╔══

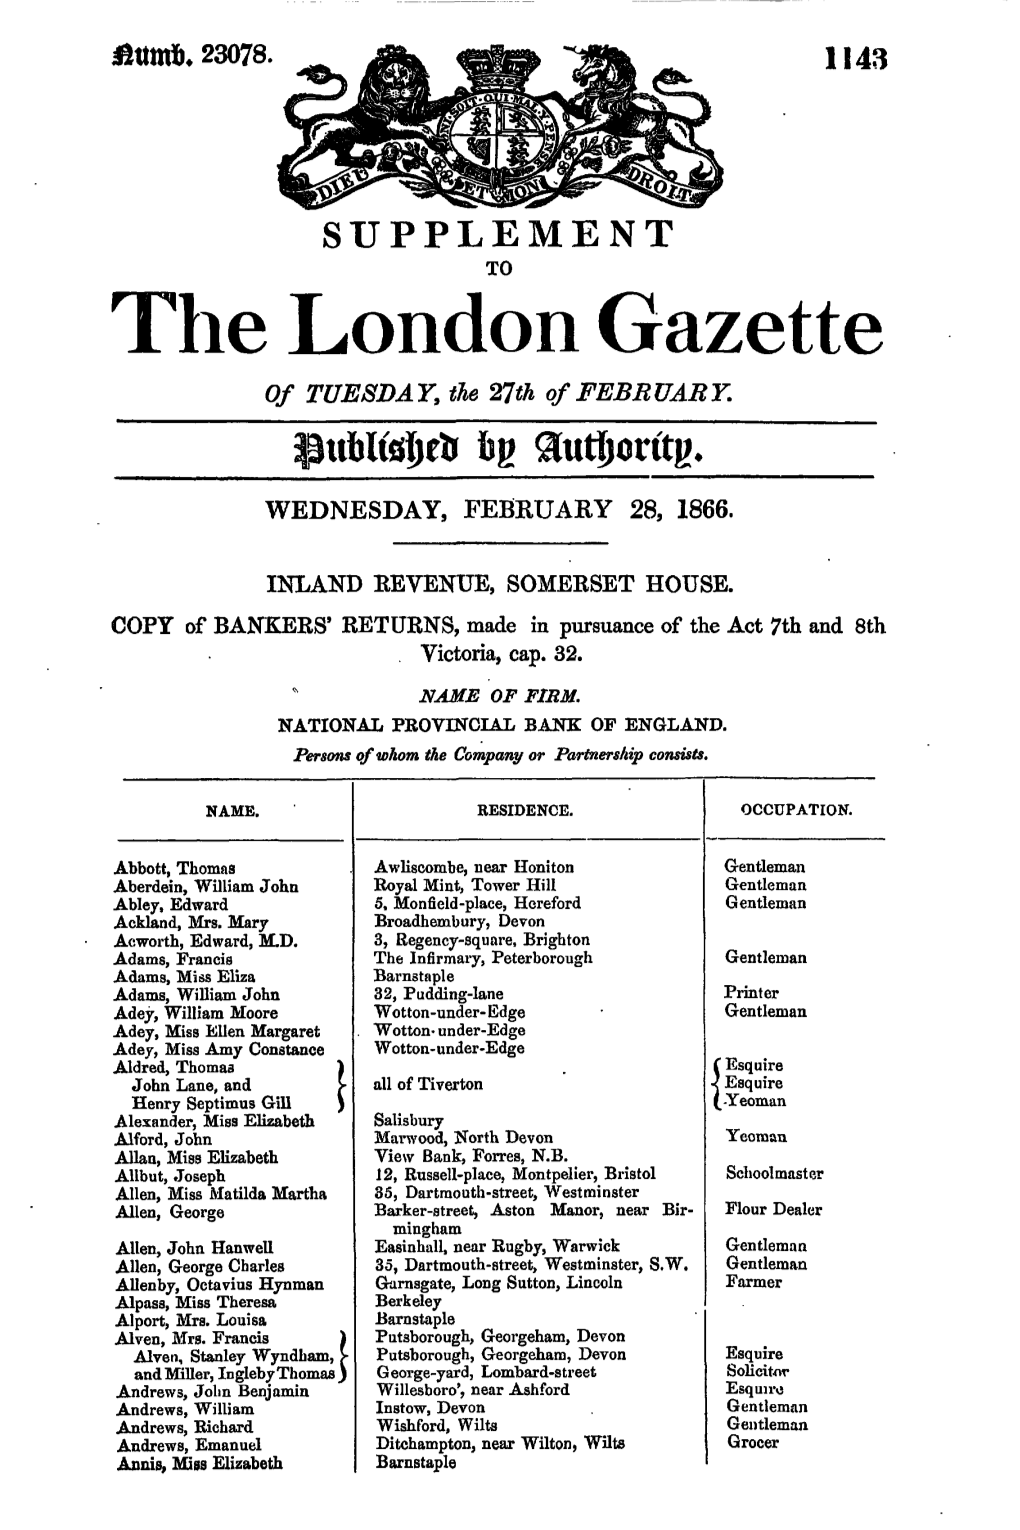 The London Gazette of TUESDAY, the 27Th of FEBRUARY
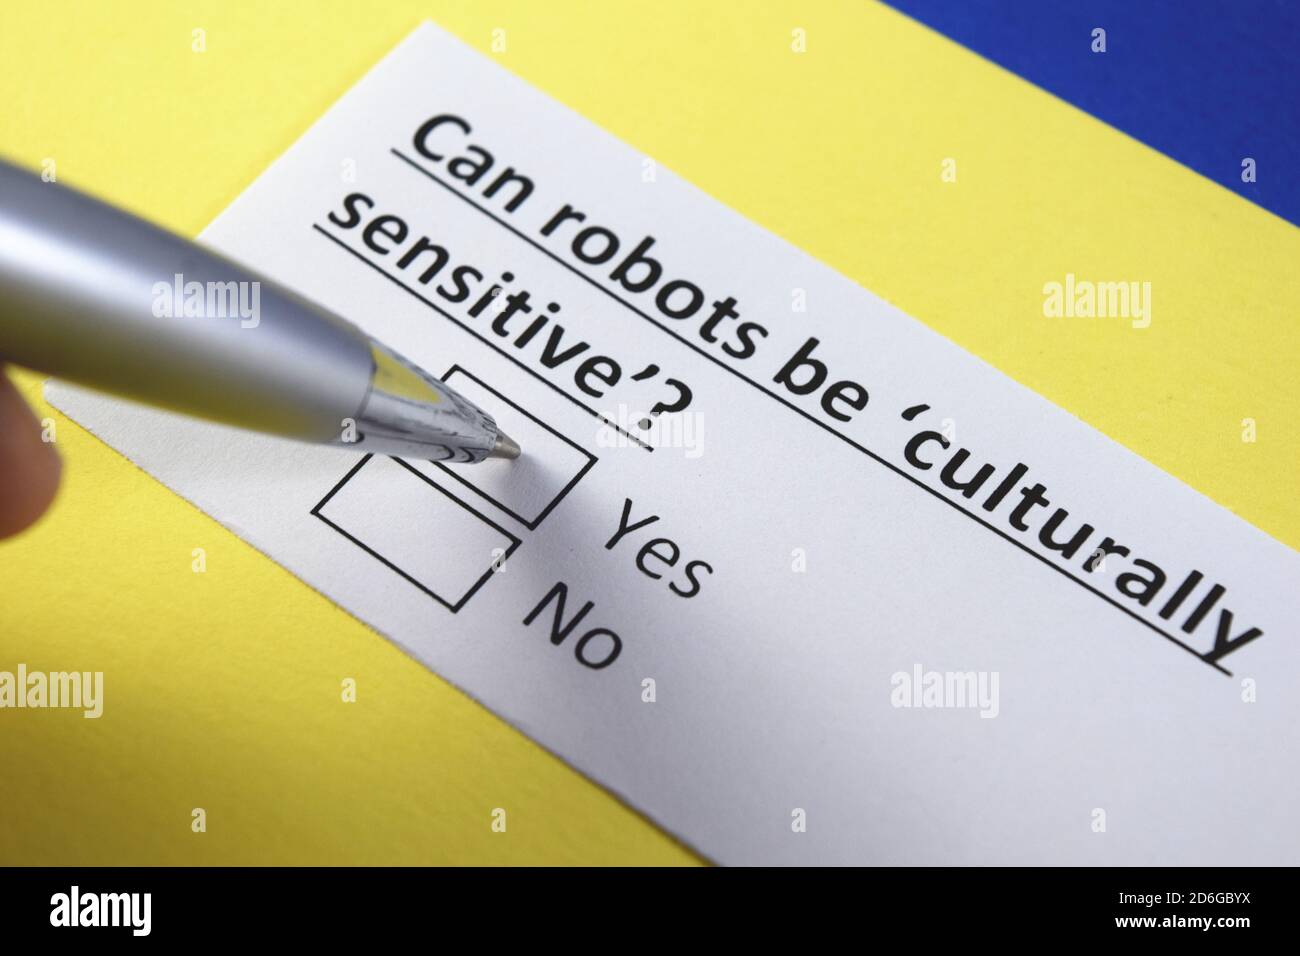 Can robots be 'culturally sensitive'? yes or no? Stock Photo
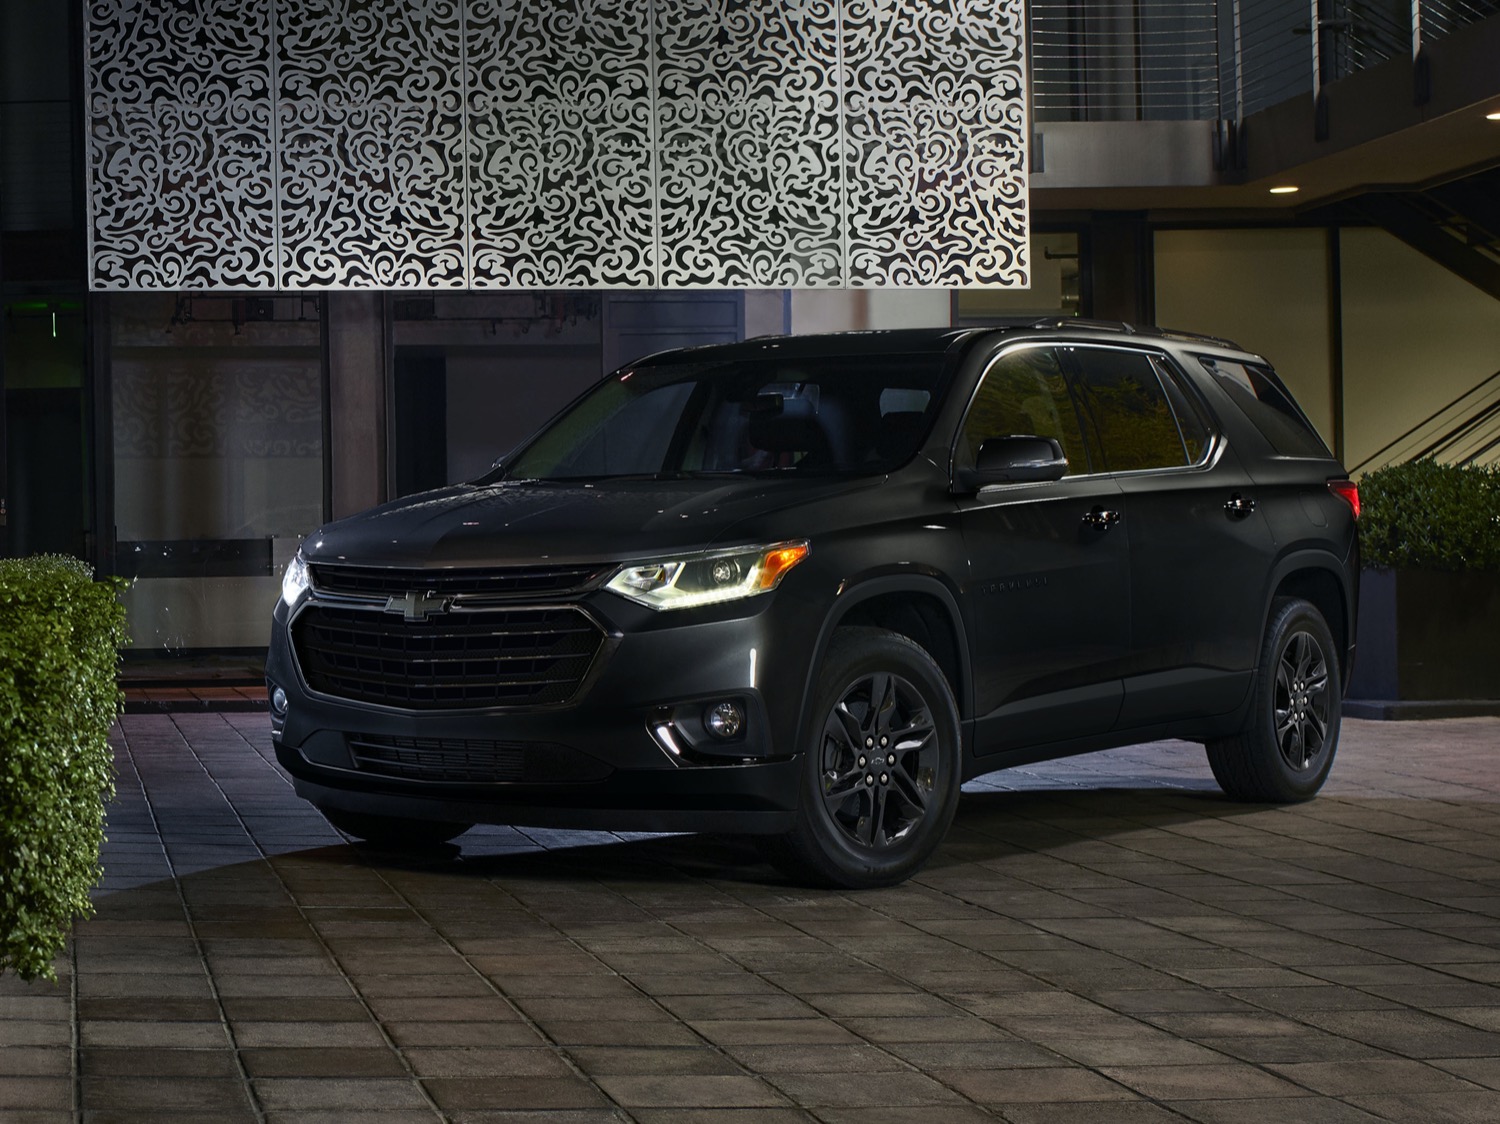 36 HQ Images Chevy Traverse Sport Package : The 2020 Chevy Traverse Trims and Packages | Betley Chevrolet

╚══

▶ How to complete this task
Repeat the data above exactly; images are not part of the copy.

▶ Expected answer
 The London Gazette of TUESDAY, the 27Th of FEBRUARY
 Can robots be 'culturally sensitive'? yes or no? Stock Photo
 36 HQ Images Chevy Traverse Sport Package : The 2020 Chevy Traverse Trims and Packages | Betley Chevrolet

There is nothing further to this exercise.